Raw data
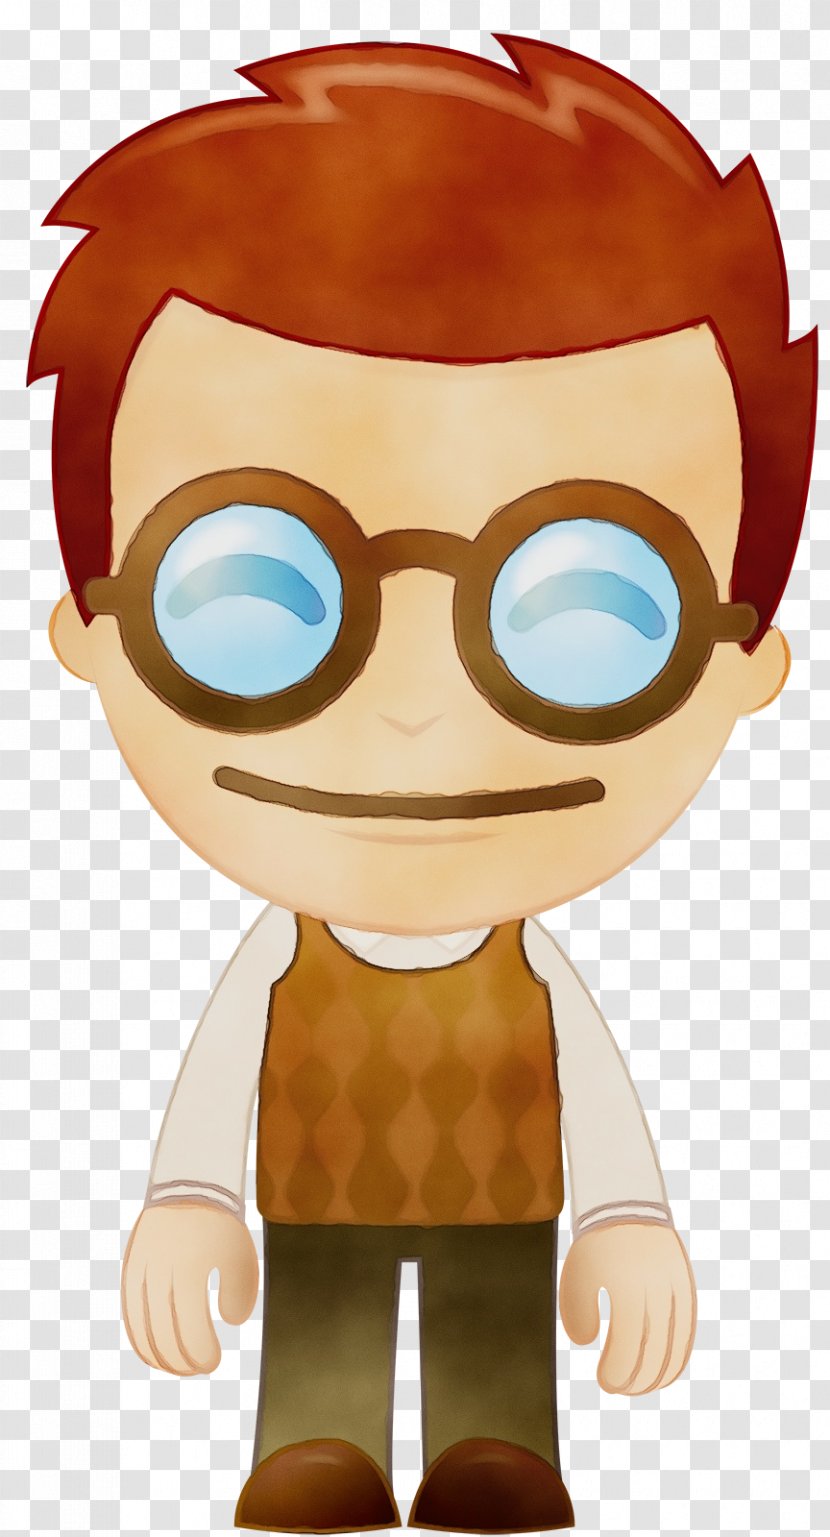 Glasses Drawing - Style Animation Transparent PNG
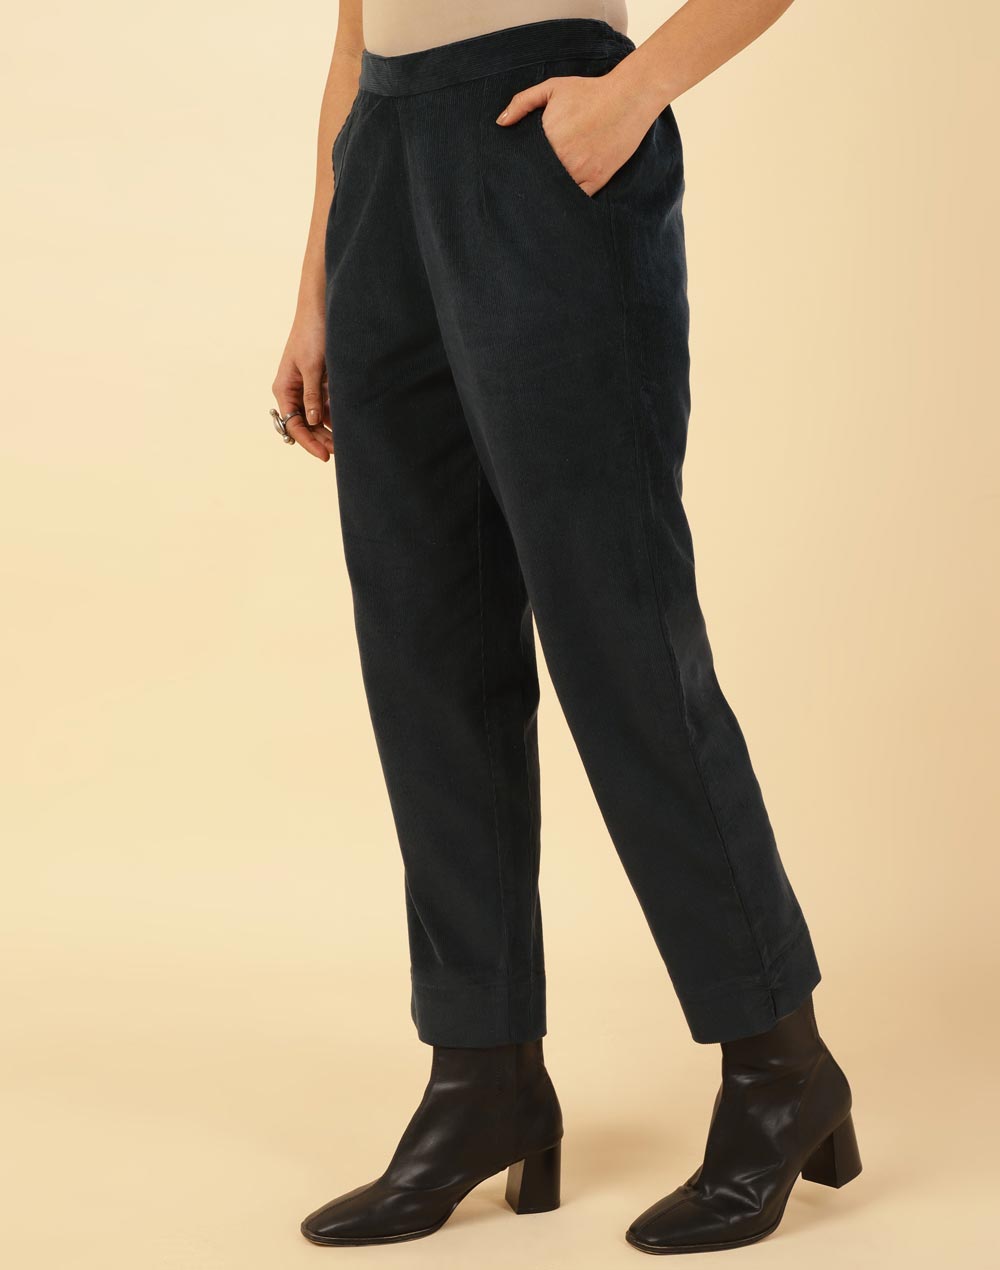 Buy Black Cotton Ankle Length Casual Pant for Women Online at
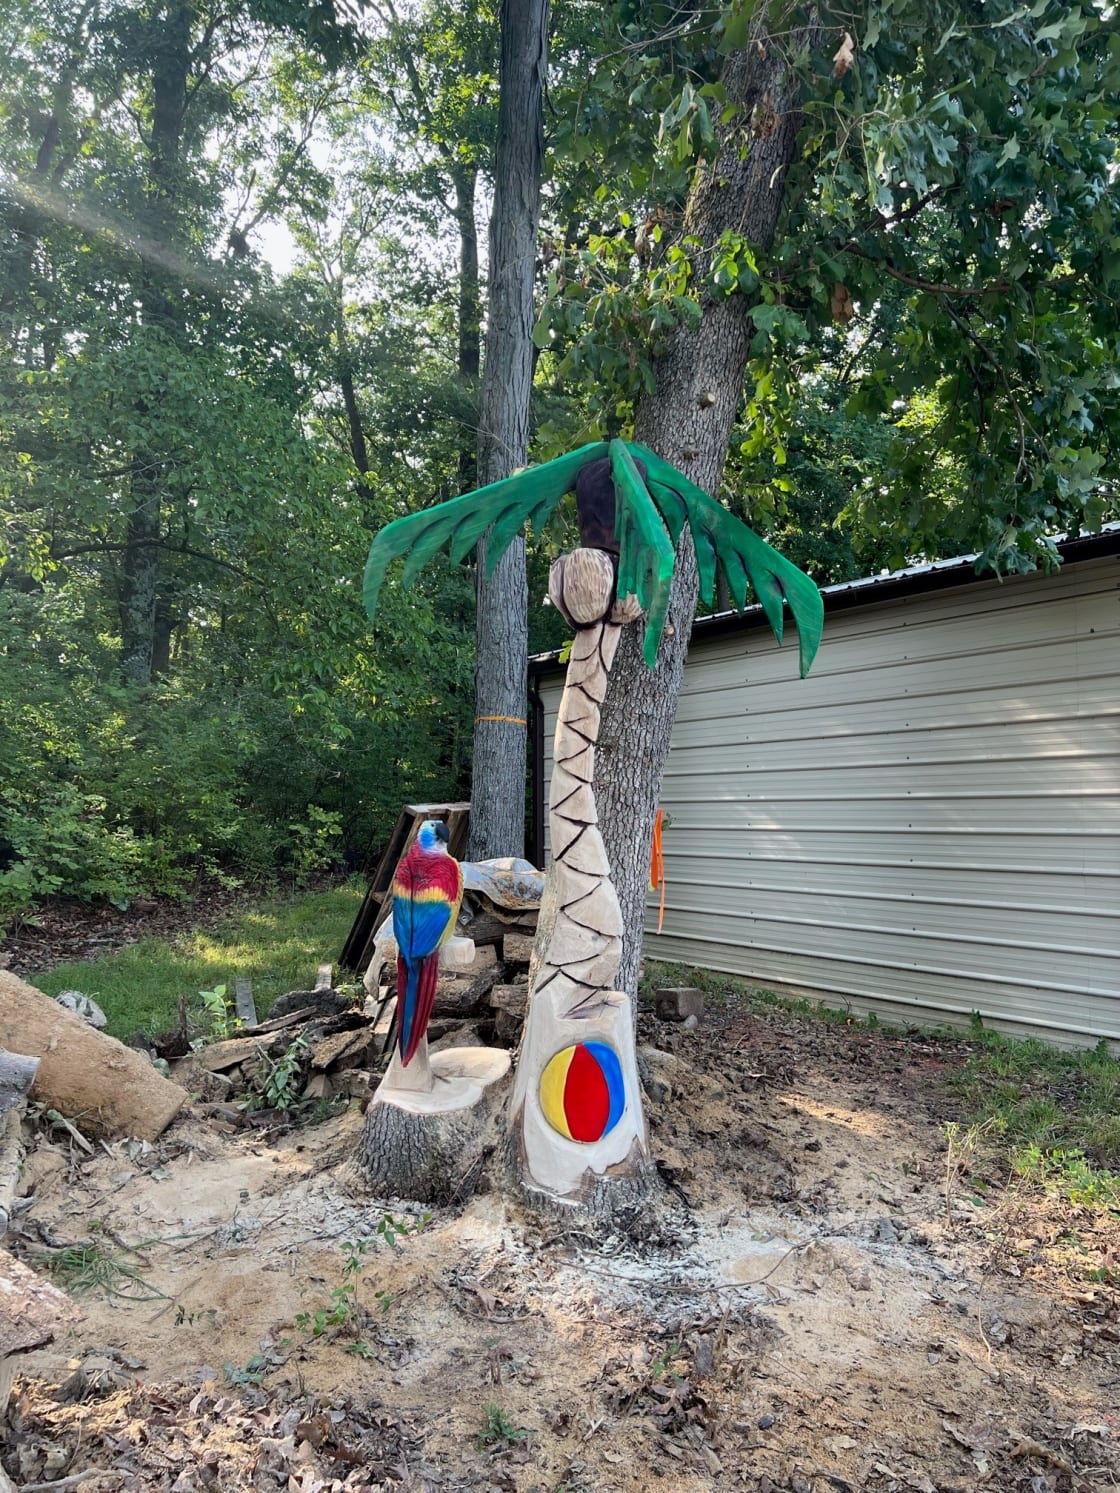 "Welcome to paradise" wood sculpture on our property.

Task goal
With the pictures removed, write out exactly the lines from the line containing "Buy Black Cotton" through the last line of the material above, both included.

Answer for this exercise
 Buy Black Cotton Ankle Length Casual Pant for Women Online at
 "Welcome to paradise" wood sculpture on our property.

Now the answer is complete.